Fairness Issues and Mitigations in (Differentially Private) Socio-demographic Data Processes

Joonhyuk Ko,Juba Ziani,Saswat Das,Matt Williams,Ferdinando Fioretto
2024-08-16
Abstract:Statistical agencies rely on sampling techniques to collect socio-demographic data crucial for policy-making and resource allocation. This paper shows that surveys of important societal relevance introduce sampling errors that unevenly impact group-level estimates, thereby compromising fairness in downstream decisions. To address these issues, this paper introduces an optimization approach modeled on real-world survey design processes, ensuring sampling costs are optimized while maintaining error margins within prescribed tolerances.

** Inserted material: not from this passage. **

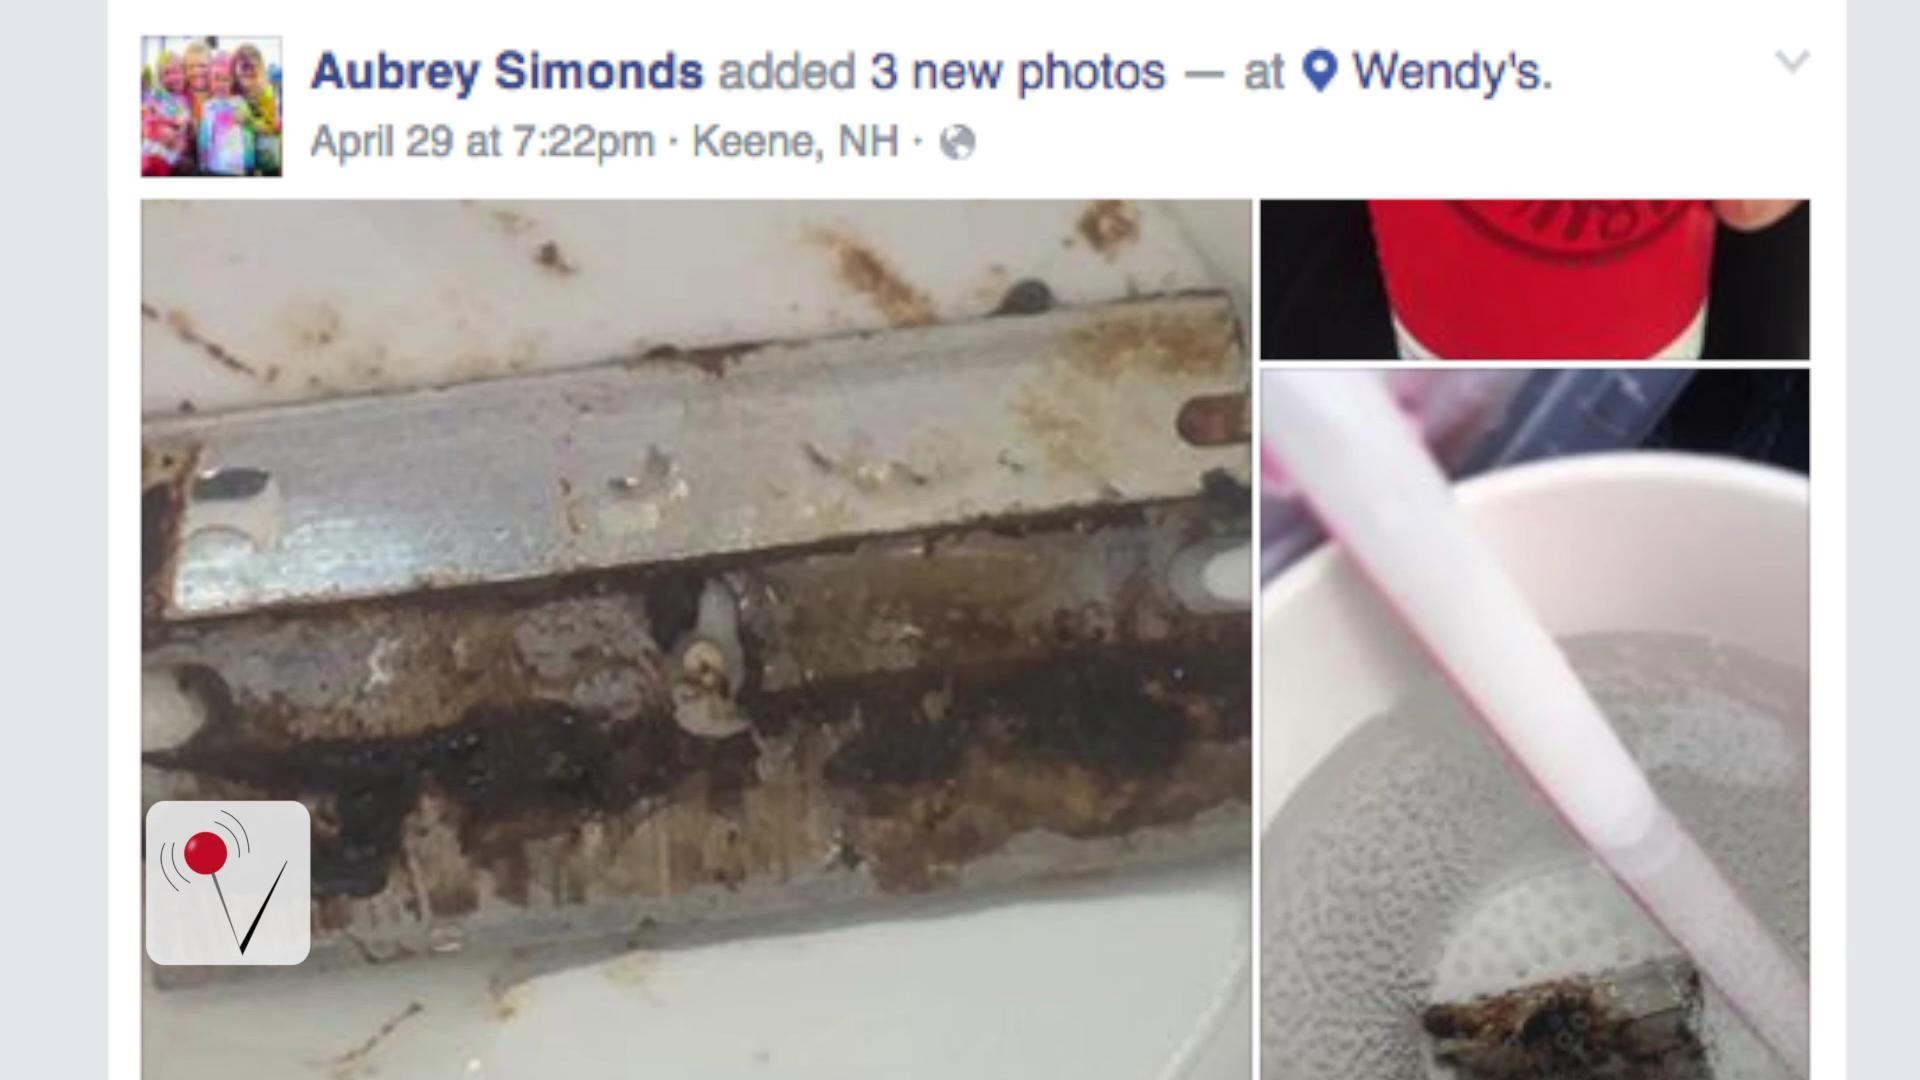 Razor Blade Found in Wendy's Soda Cup

Additionally, privacy-preserving methods used to determine sampling rates can further impact these fairness issues. The paper explores the impact of differential privacy on the statistics informing the sampling process, revealing a surprising effect: not only the expected negative effect from the addition of noise for differential privacy is negligible, but also this privacy noise can in fact reduce unfairness as it positively biases smaller counts. These findings are validated over an extensive analysis using datasets commonly applied in census statistics.
Cryptography and Security,Artificial Intelligence,Computers and Society
What problem does this paper attempt to address?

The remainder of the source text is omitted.